The Supreme Court created the Miranda rule to combat what Warren aptly described as the inherently coercive nature of that kind of interrogation. Everyone is now familiar with the recitation of Miranda rights: the right to remain silent, the right to cut off questioning, the right to have a lawyer, and the right to have the lawyer present during interrogation. To safeguard those rights, the court said that police cannot use a suspect’s statement unless they show that a suspect knowingly and intelligently waived those rights. And a valid waiver could not be shown, the court said, simply by the fact that a confession was in fact obtained.
In Thompkins’ case, Michigan courts drove right by those waiver rules. Thompkins’ statement was introduced and, in a close case, helped the prosecution get a conviction. On appeal, the Michigan courts said, counterintuitively, that Thompkins had to speak up in order to assert his right to remain silent. And, in seeming contradiction, the state courts said that Thompkins had waived that right with three one-word answers uttered after nearly three hours of interrogation.
The Supreme Court agreed. “The record in this case shows that Thompkins waived his right to remain silent,” Justice Anthony M. Kennedy wrote for the Roberts Court’s conservative majority in Berghuis v. Thompkins. The suspect’s one-word answer about praying, Kennedy continued, “was sufficient to show a course of conduct indicating waiver.” True, Kennedy conceded, Thompkins sat in a straight-backed chair for three hours, but overlooking Miranda the justice said there is “no authority” for the proposition that an interrogation under these circumstances is “inherently coercive.”

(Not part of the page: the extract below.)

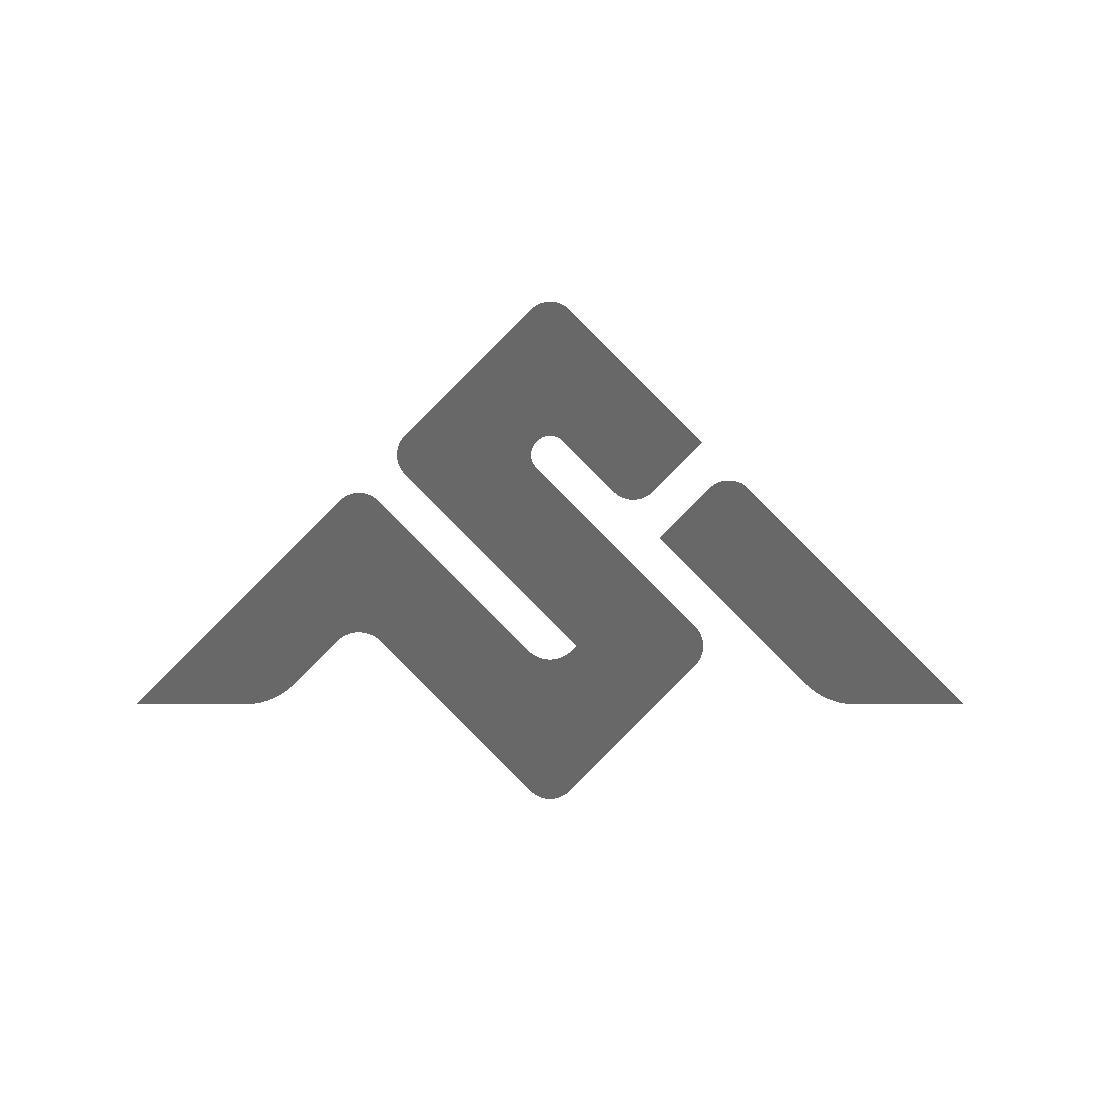 aef6ff0a55 Rossignol Giant ski suit (adult) - Sportmania
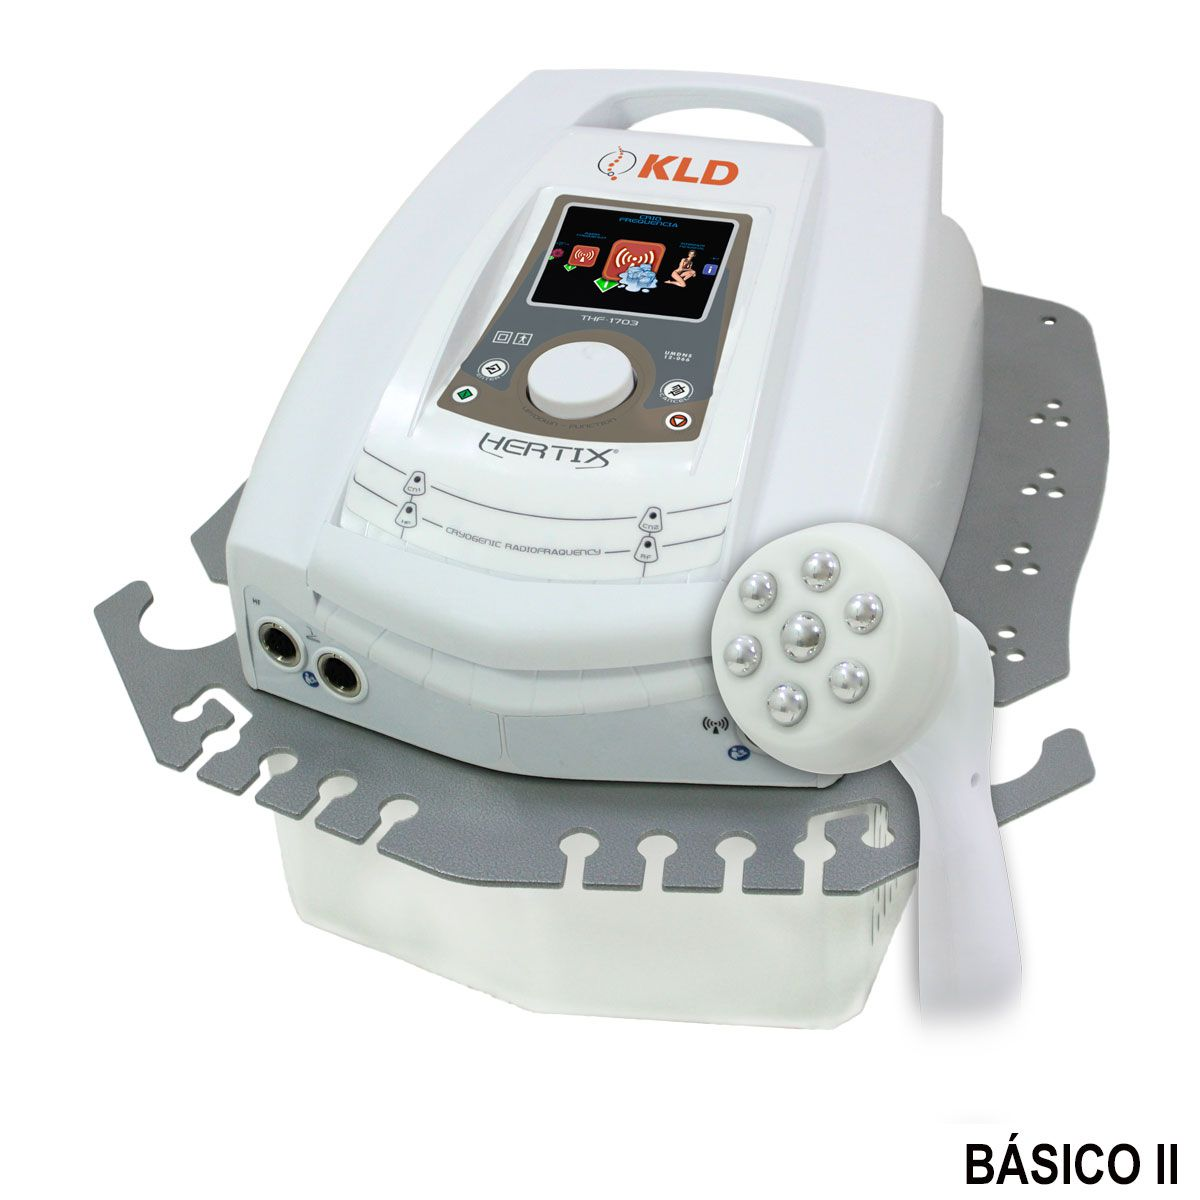 Hertix Smart Radiofrequência Criogênica THF 1703 BÁSICO II - KLD

For the four liberal dissenters, Justice Sonia Sotomayor, a former local prosecutor, labeled the decision “a substantial retreat from the protection against compelled self-incrimination” established by Miranda. That decision places a “heavy burden” on the prosecution to show that a suspect has waived the right to remain silent, she explained, and it was “objectively unreasonable” to conclude that the prosecution had shown a waiver in Thompkins’ case on the basis of “three one-word answers, following 2 hours and 45 minutes of silence . . . .”
Sotomayor also criticized the court’s new rule that a suspect must make a “clear statement” in order to assert a right to remain silent. “Advising a suspect that he has a ‘right to remain silent’ is unlikely to convey that he must speak (and must do so in some particular fashion) to ensure the right will be protected,” she wrote.
For the majority, Kennedy suggested that the “clear statement” rule would not affect many cases. In a footnote, however, Sotomayor listed a raft of lower court decisions holding that suspects had not invoked a right to silence despite “an array of statements whose meaning might otherwise be thought plain.” Like the suspect who said, “I just don’t think I should say anything,” but his later statements admitted anyway.
The new decision is not the first retreat from Miranda and is unlikely to be the last. Yes, Miranda is still good law. But two decades of “Law and Order” show that fictional police know how to work around it. And the Roberts Court is OK with that in real life.